Thanks, Grant. I'm not sure about that. The books are available for Kindle on Amazon.com, but foreigners can't buy there (or what?), and they aren't on other Amazons. The problem is that the edited ms. is the property of Penguin. Can I use this same ms. to upload to Amazon Kindle in UK, CA, and AU?

It's a bit weird, because you can buy books from overseas Amazons. It just costs more and adds more postage. But with e-books, those charges should not exist.

I think this situation will affect a lot of books.
Yes. Penguin owns the U.S. English rights to the ms - not the actual ms. As the owner of the other rights, you can upload it to the other countries but specify that it can't be sold to U.S. readers. For example, when I look at my book on Amazon.com, Amazon knows from my customer log-in that I'm located in Canada.

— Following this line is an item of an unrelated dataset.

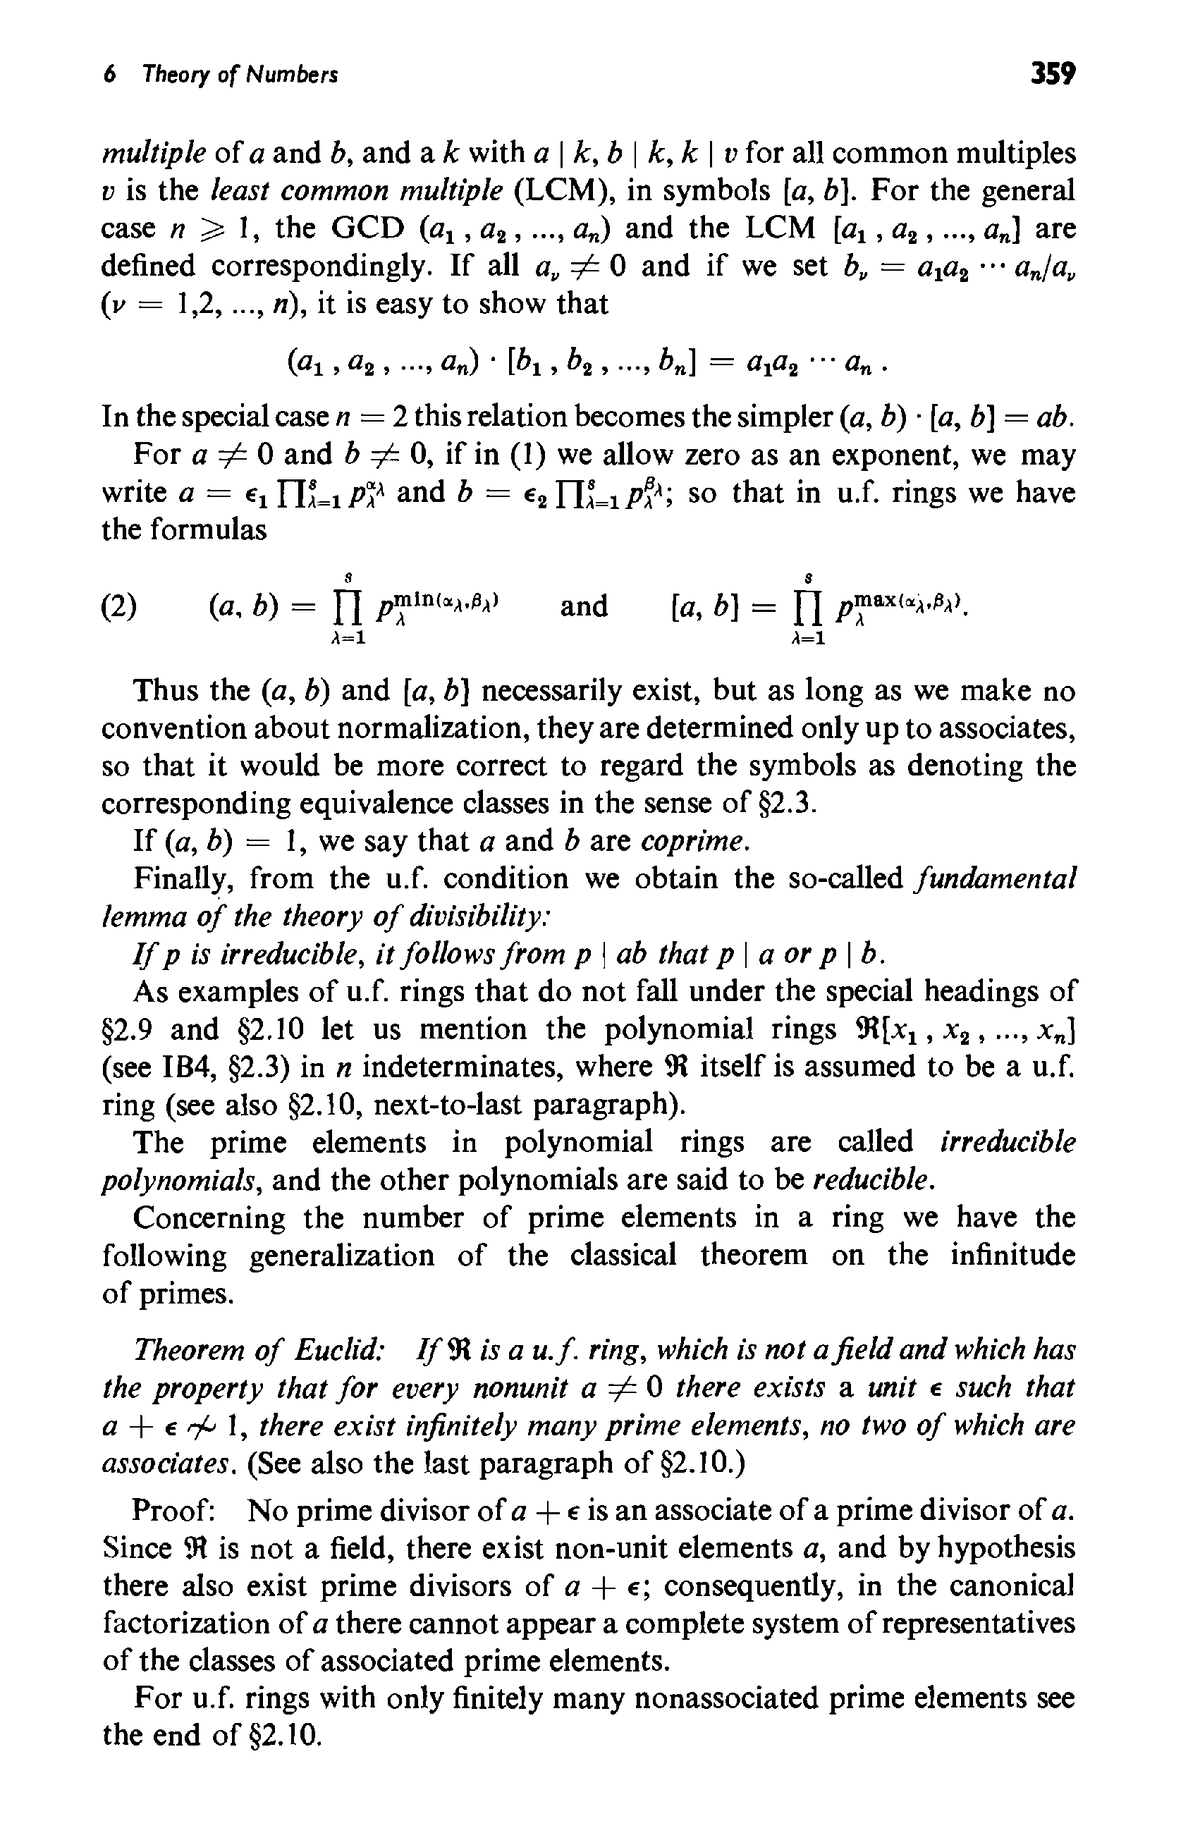 fundamentals-of-mathematics-the-real-number-system-and-algebra-38-6

A green box on the right-hand side says: "This title is not available for customers from: Canada" And when I look at the same book on Amazon UK, that green box reads: "Kindle titles at Amazon.co.uk are available for UK customers only." So U.S. readers can buy the Kindle version at Amazon.com and UK readers can buy the Kindle version at Amazon UK, but Canadian readers must buy the ebook from Kobo. It may appear on Amazon.ca from Penguin soon, too - but that's their decision as they own the Canadian English rights.
Grant, that may be the solution. I'll run it by my agent.
And many thanks! That was super! :)
If you and your agent have access to a lawyer who handles these things, you could probably get advice on what you can do. I'm with a small press that got world English rights, so the paperback's available from online stores all over the world, and the ebook versions (I believe) can be bought in multiple countries. (When there's no advance involved, it seems advantageous to make it available as widely as possible.) As a result, I have no personal experience to offer here, just the suggestion that you consult a lawyer.
Thanks, Pepper. I don't want to spend money on this -- at least not yet. I don't think the agency will either. We'll work this out eventually. In the end, it's an illustration of how the electronic revolution affects old contracts.
Man that sucks!
I think there are worse scenarios, for instance for authors who lost their electronic rights decades ago when nobody cared much and the main print contract was the important thing. The publishers are now free to use those rights without compensation. I think that issue has gone to court.

In my case, retaining foreign and non-US rights meant that those could be shopped separately. The big houses do not pursue foreign sales aggressively. My agent does.